Faults in Automation
The automation of these tasks is not necessarily a bad thing for DBAs. In fact, it’s freeing them up to work more efficiently and spend time on the things that automation can’t do. For instance, automation can help maintain and monitor a database, but it can’t replace a DBA’s ability to think. It can’t determine the value of data, make decisions about how best to store, use, and secure it, or troubleshoot with out-of-the-box thinking.
Automation is a tool – it needs someone to use it, maintain it, and monitor its results. So, it also adds to the DBA’s workload. Namely, automation demands the creation, maintenance, and improvement of the rules and triggers it follows. Automation can help do many things, but it can’t make its own rules or optimize itself. Automation simply cannot do every task that a DBA needs to complete. And if it can’t do that, then how will it ever wipe away the need for database administrators?

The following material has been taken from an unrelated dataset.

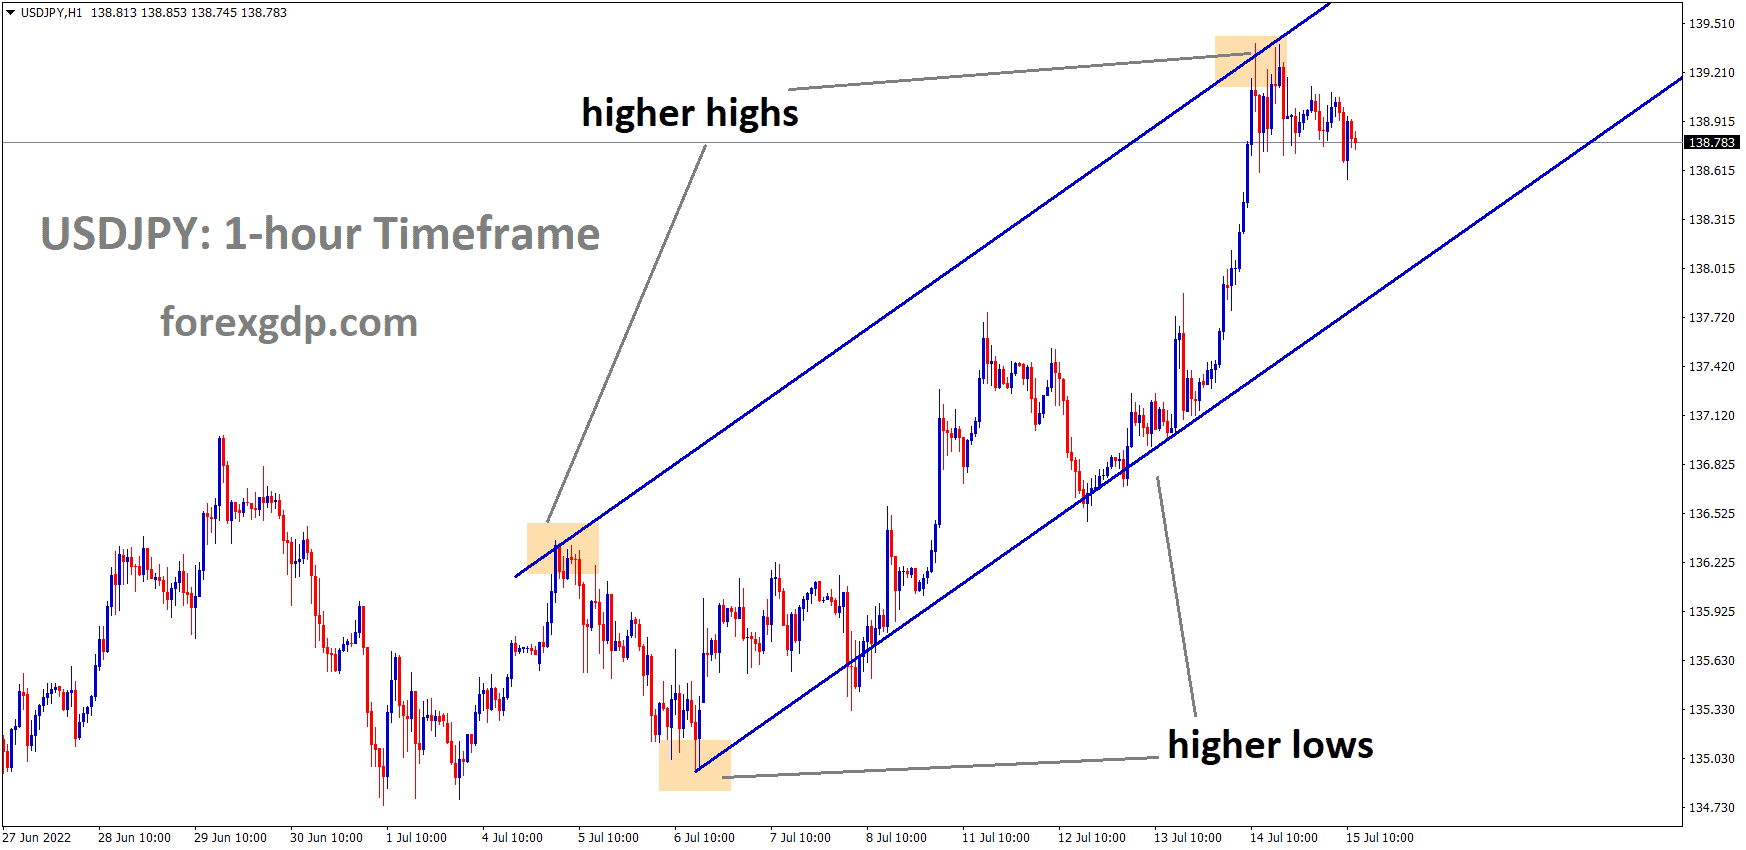 USDJPY is moving in an ascending channel and the market has fallen from the higher high area of the channel

The Development of the DBA Role
Automation might not be going to wipe out the role of the DBA. But what it is going to do — and is already doing — is changing the tasks and responsibilities that a DBA takes on. In other words, it’s prompting the evolution of the DBA role.
For instance, DBAs are moving from mundane data admin to a data strategist. DBAs will be spending more time making decisions about what data is valuable, how to best store it, and how to best use it and make it usable for the rest of the team.
So, there can be more time spent optimizing, designing, and troubleshooting new and better databases. DBAs will also spend less time on user account administration, and more time focused on improving and maintaining security.
In short, automation will free the DBA from drudgery. It removes thoughtless tasks and the weight of repetitive to-do lists.